The withdrawal of the United States Army from Afghanistan has brought the Taliban to power. The scenario in Afghanistan is alarming as minorities, and others, desperately attempt to leave the country. The record of the previous Taliban rule is flashing before the world, particularly the oppression of women and imposition of their version of Sharia law. It is their demolition of the Bamiyan Buddha that tells the world what the Taliban stands for. Some hope the exit of foreign powers will change Taliban rule, but events so far make this expectation ring hollow.

Regardless of how Afghans plot their future, it is most surprising that a section of the Indian media—which many disparagingly identify as godi media—has taken to non-stop coverage of the Taliban takeover. They are toeing the ruling party’s line, spending a significant share of airtime on perceived threats to India from the Taliban rule in Afghanistan.

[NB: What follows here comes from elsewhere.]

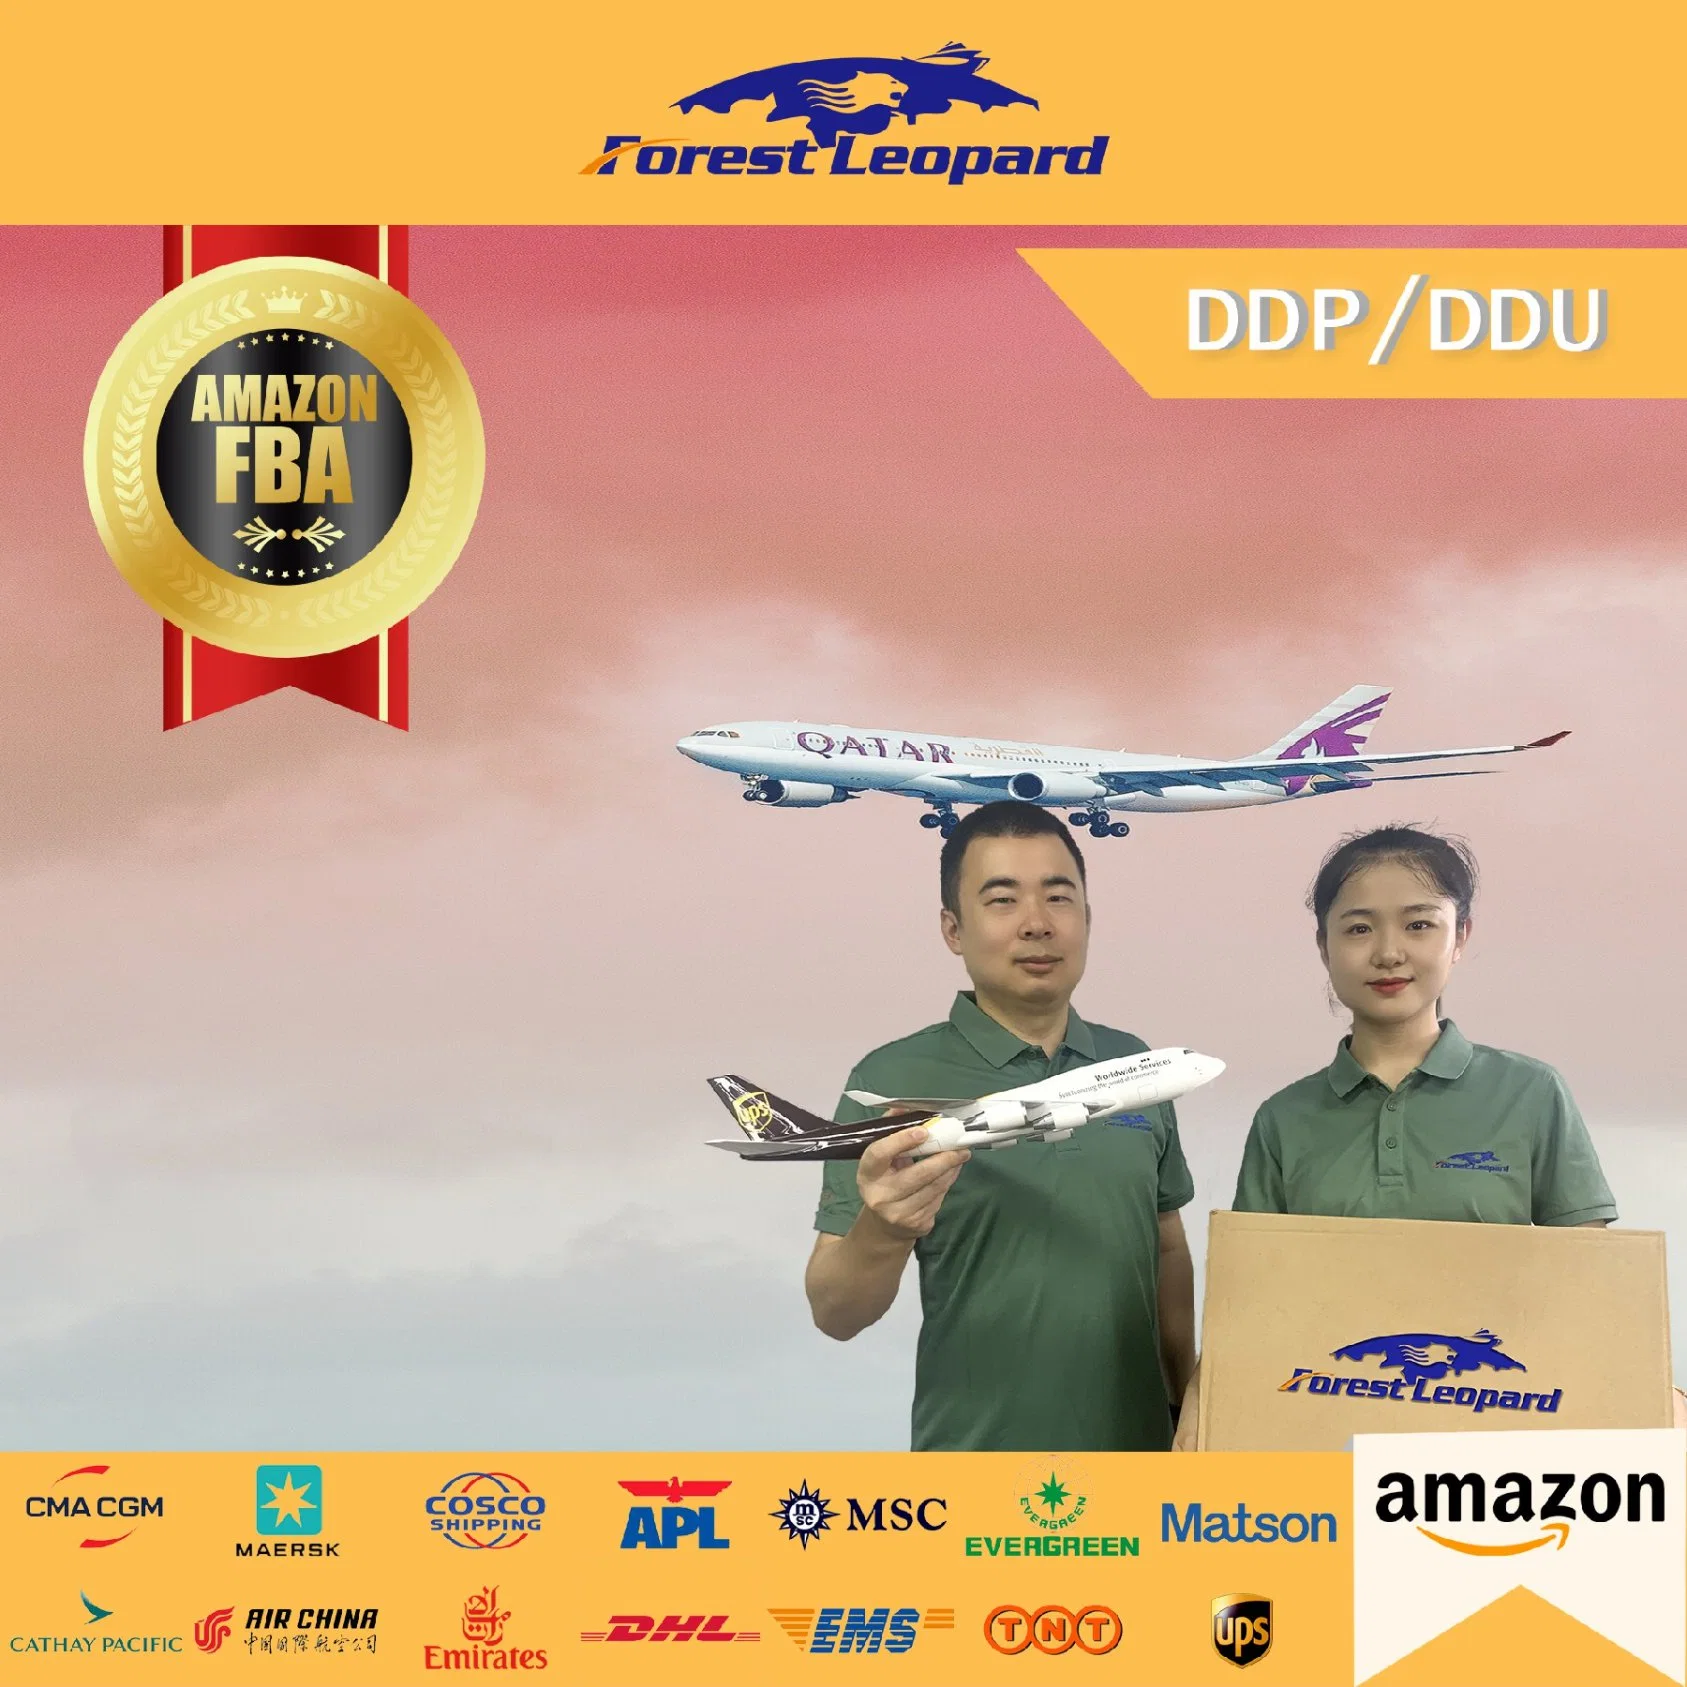 DDU económico servicio de envío aéreo de China en el Reino Unido Amazon Fba bosque del servicio de fletes aéreos logística de leopardo en todo el mundo
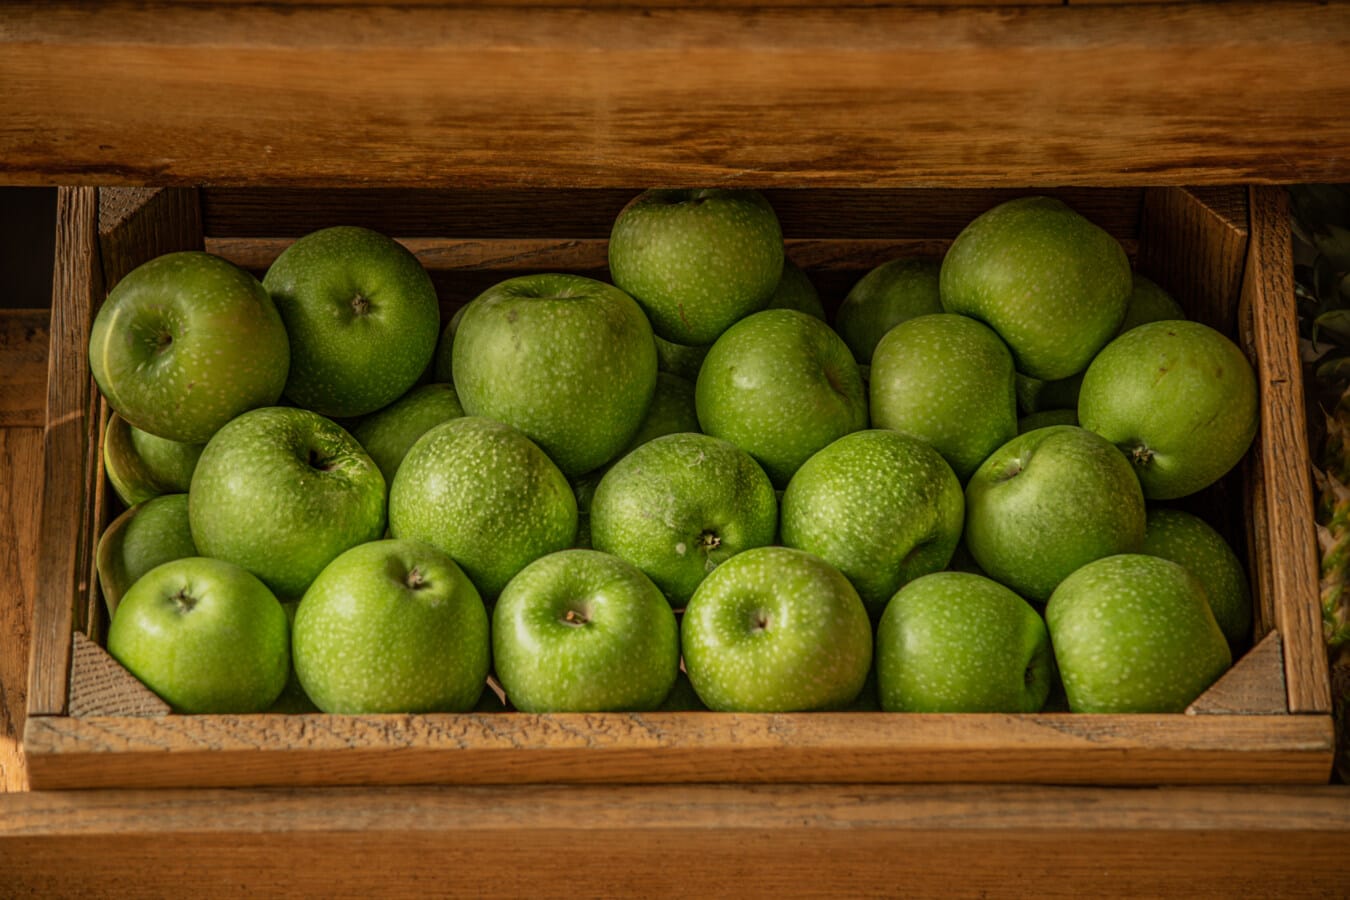 成熟的果子, 深绿色, 苹果, 黄绿色, 市场, 有机, 框, 木, 新鲜, 水果

These anchors on TV never spare a chance to criticise those who “felt the arrival of the Taliban in Afghanistan will not affect India”. The Special Cell of the Delhi Police recently arrested six suspected terrorists and alleged that they were trained in Pakistan to conduct terrorist strikes in India. Their alleged motive was to thwart the democratic process in Uttar Pradesh, where elections are due next year. The TV channels immediately caught on to this episode, claiming it connects with events in Afghanistan.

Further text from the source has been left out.